A titre exceptionnel, la Ville de Paris verse à la métropole du Grand Paris une dotation d'équilibre en 2022. Le montant de cette dotation d'équilibre est égal aux deux tiers de la différence, si elle est positive, entre le produit de la cotisation foncière des entreprises perçu en 2022 et celui perçu en 2021 par la Ville de Paris.
A titre exceptionnel, la dotation d'équilibre versée en 2023 par chaque établissement public territorial à la métropole du Grand Paris est augmentée d'un montant égal aux deux tiers de la différence, si elle est positive, entre le produit de la cotisation foncière des entreprises perçu en 2023 et celui perçu en 2022 par chaque établissement public territorial. Le produit de la cotisation foncière des entreprises perçu en 2022 et en 2023 est majoré du montant du prélèvement sur recettes prévu au 3 du A du III de l'article 29 de la loi n° 2020-1721 du 29 décembre 2020 précitée.
A titre exceptionnel, la Ville de Paris verse à la métropole du Grand Paris une dotation d'équilibre en 2023. Le montant de cette dotation d'équilibre est égal aux deux tiers de la différence, si elle est positive, entre le produit de la cotisation foncière des entreprises perçu en 2023 et celui perçu en 2022 par la Ville de Paris. Le produit de la cotisation foncière des entreprises perçu en 2022 et en 2023 est majoré du montant du prélèvement sur recettes prévu au même 3.
A titre exceptionnel, la dotation d'équilibre versée en 2024 par chaque établissement public territorial à la métropole du Grand Paris est augmentée d'un montant égal à la moitié de la différence, si elle est positive, entre le produit de la cotisation foncière des entreprises perçu en 2024 et celui perçu en 2023 par chaque établissement public territorial. Le produit de la cotisation foncière des entreprises perçu en 2024 et en 2023 est majoré du montant du prélèvement sur recettes prévu au 3 du A du III de l'article 29 de la loi n° 2020-1721 du 29 décembre 2020 précitée.

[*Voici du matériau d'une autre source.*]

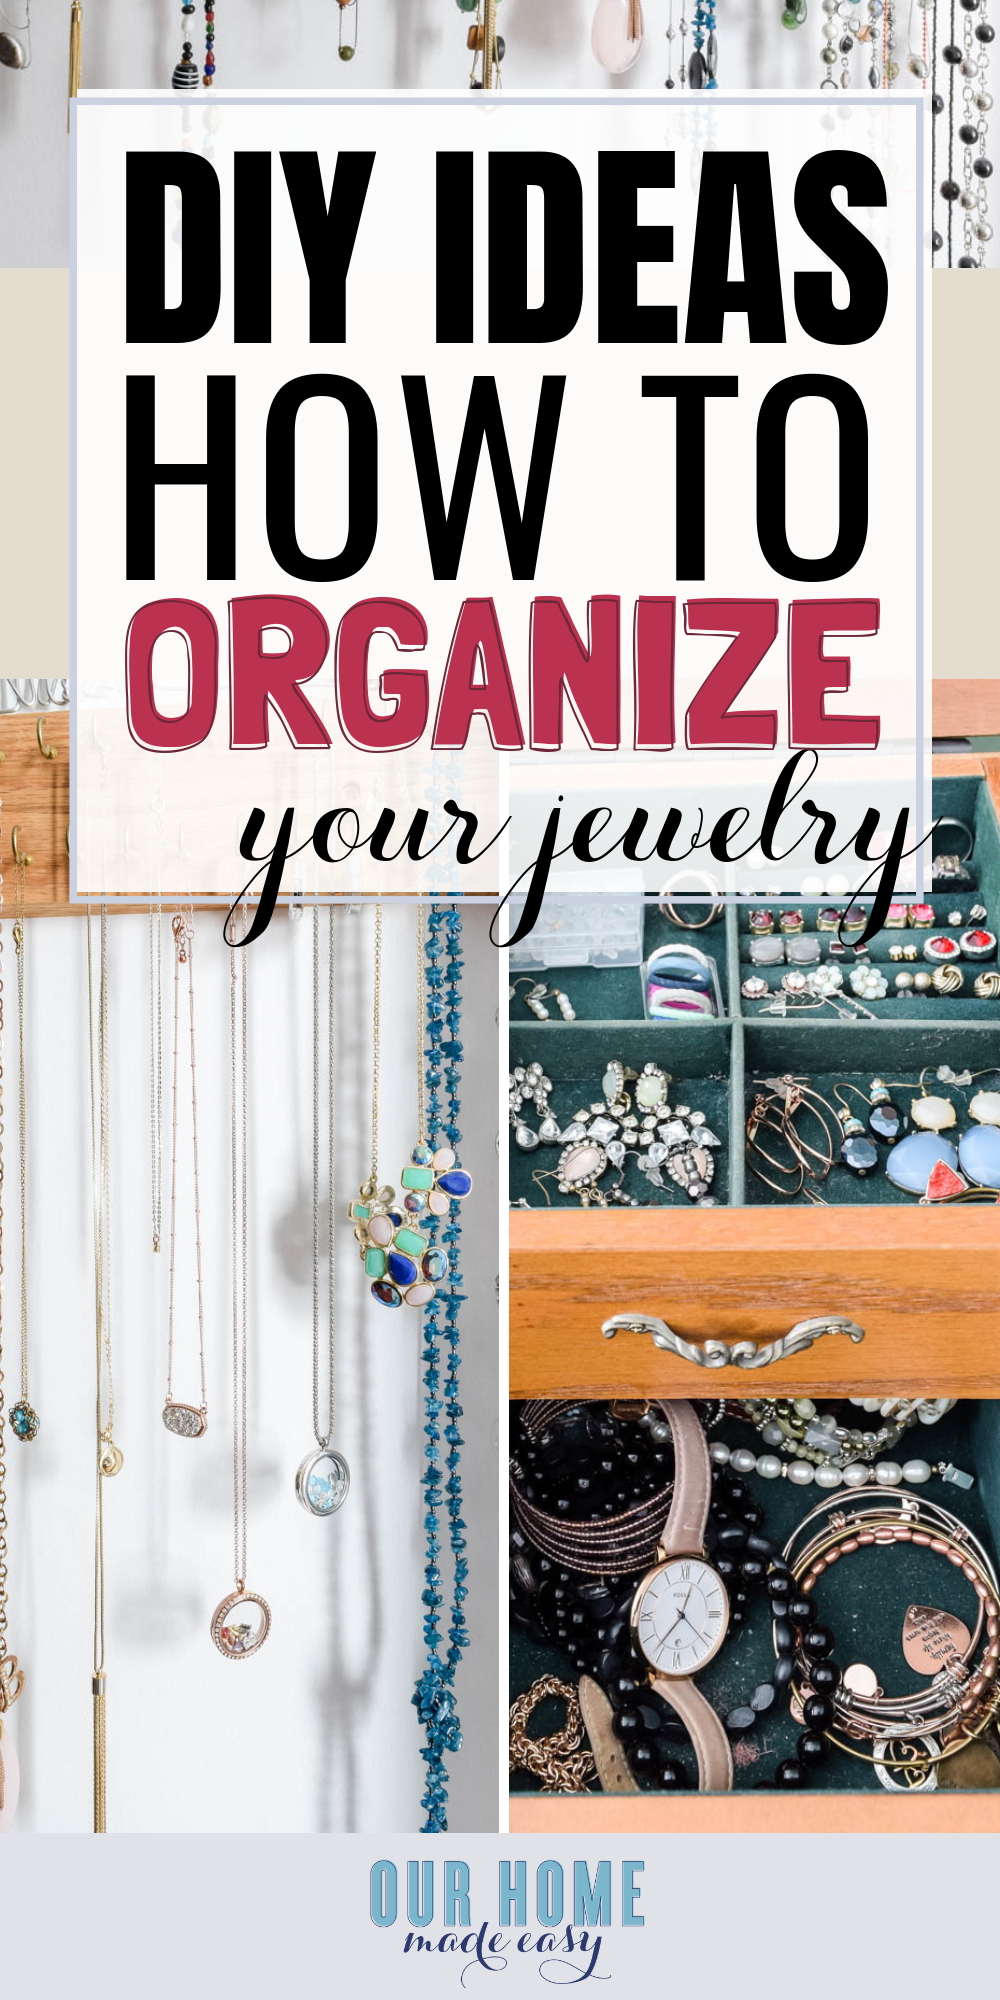 DIY Ideas on How to Organize Your Jewelry for good! Declutter and organize your jewelry so that you can quickly find what you need in the mornings! #organization #homedecor #organize #ourhomemadeeasy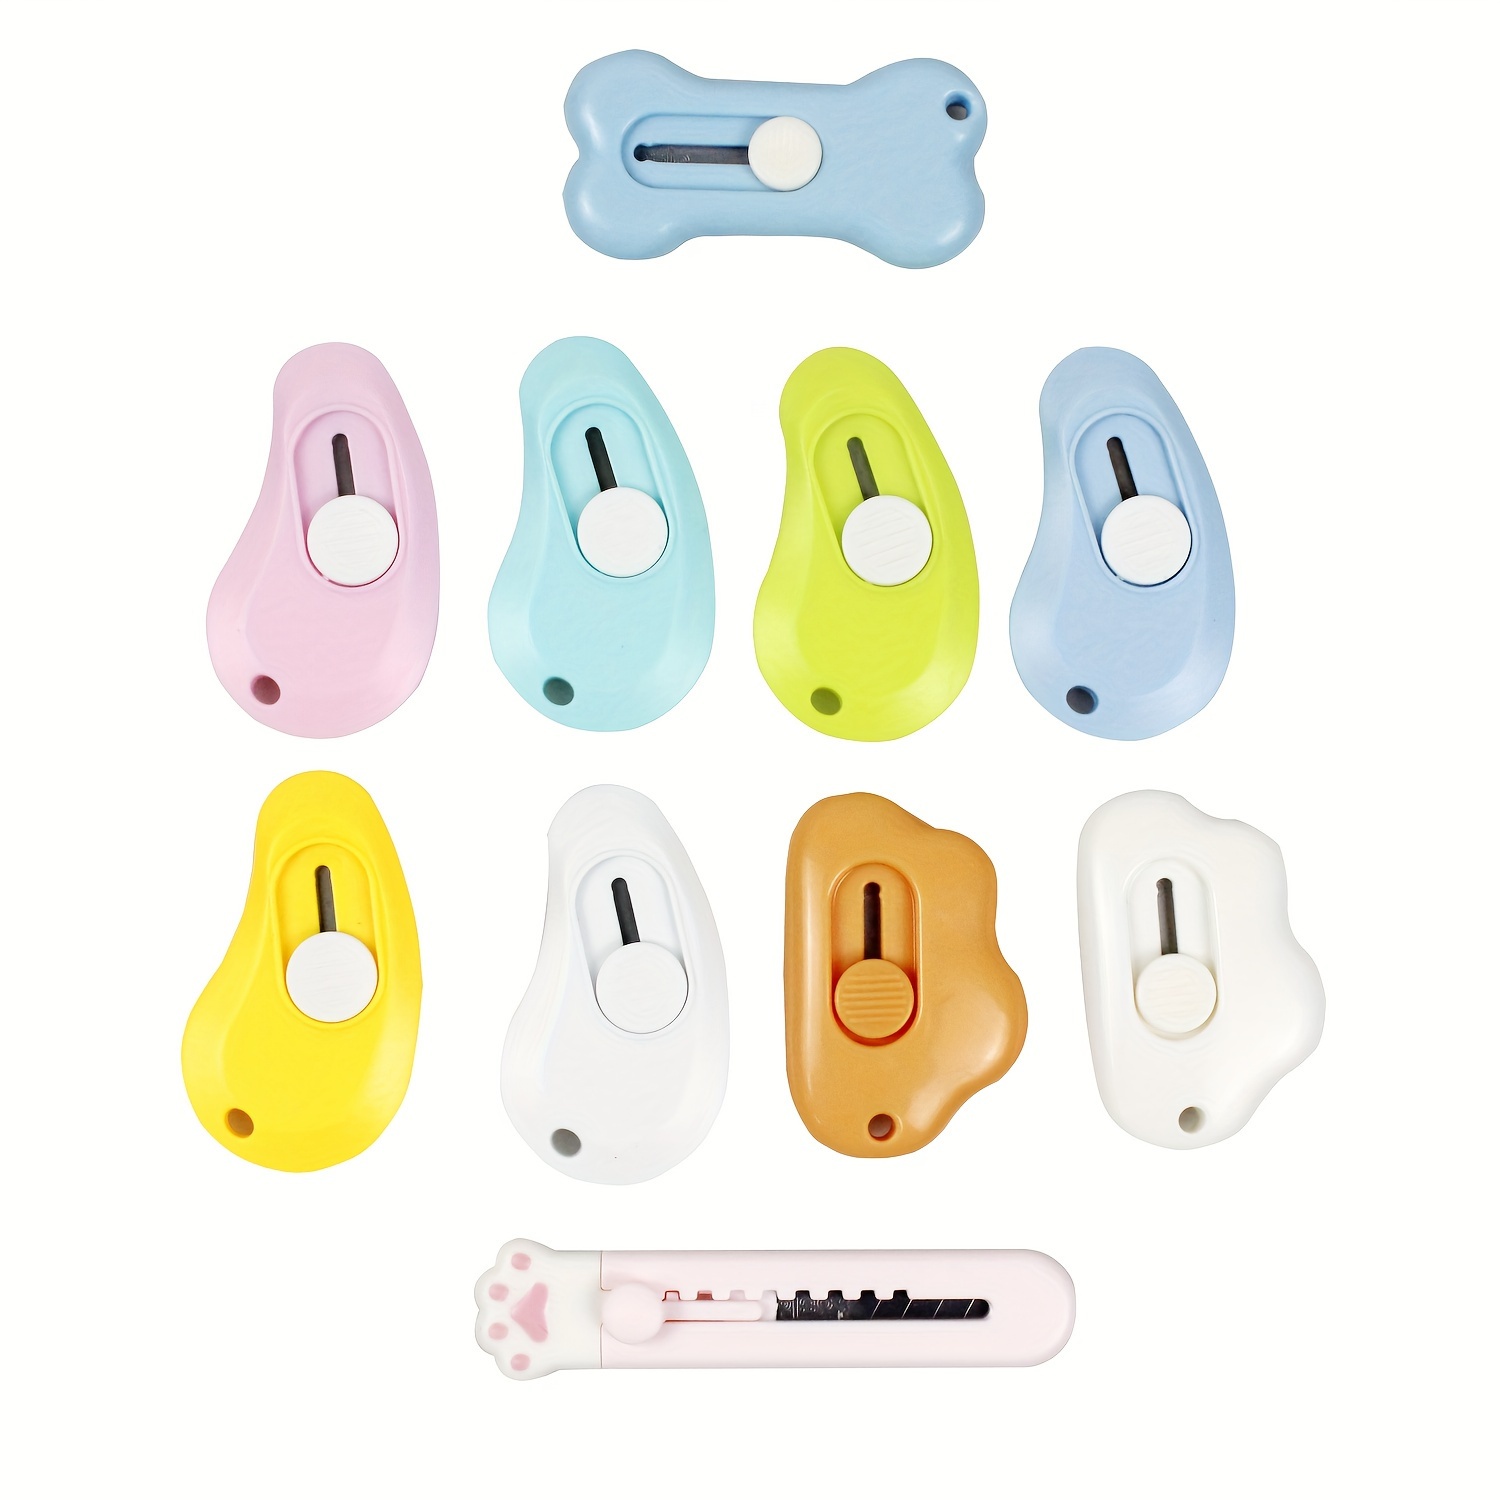 

10pcs Mini Retractable Utility Knife, Pocket Box Cutters, Plastic Letter Opener, Slide Open With Keychain Hole For Box, Letter, Envelope And Daily Use.

A titre exceptionnel, la Ville de Paris verse à la métropole du Grand Paris une dotation d'équilibre en 2024. Le montant de cette dotation d'équilibre est égal à la moitié de la différence, si elle est positive, entre le produit de la cotisation foncière des entreprises perçu en 2024 et celui perçu en 2023 par la Ville de Paris. Le produit de la cotisation foncière des entreprises perçu en 2023 et en 2024 est majoré du montant du prélèvement sur recettes prévu au même 3.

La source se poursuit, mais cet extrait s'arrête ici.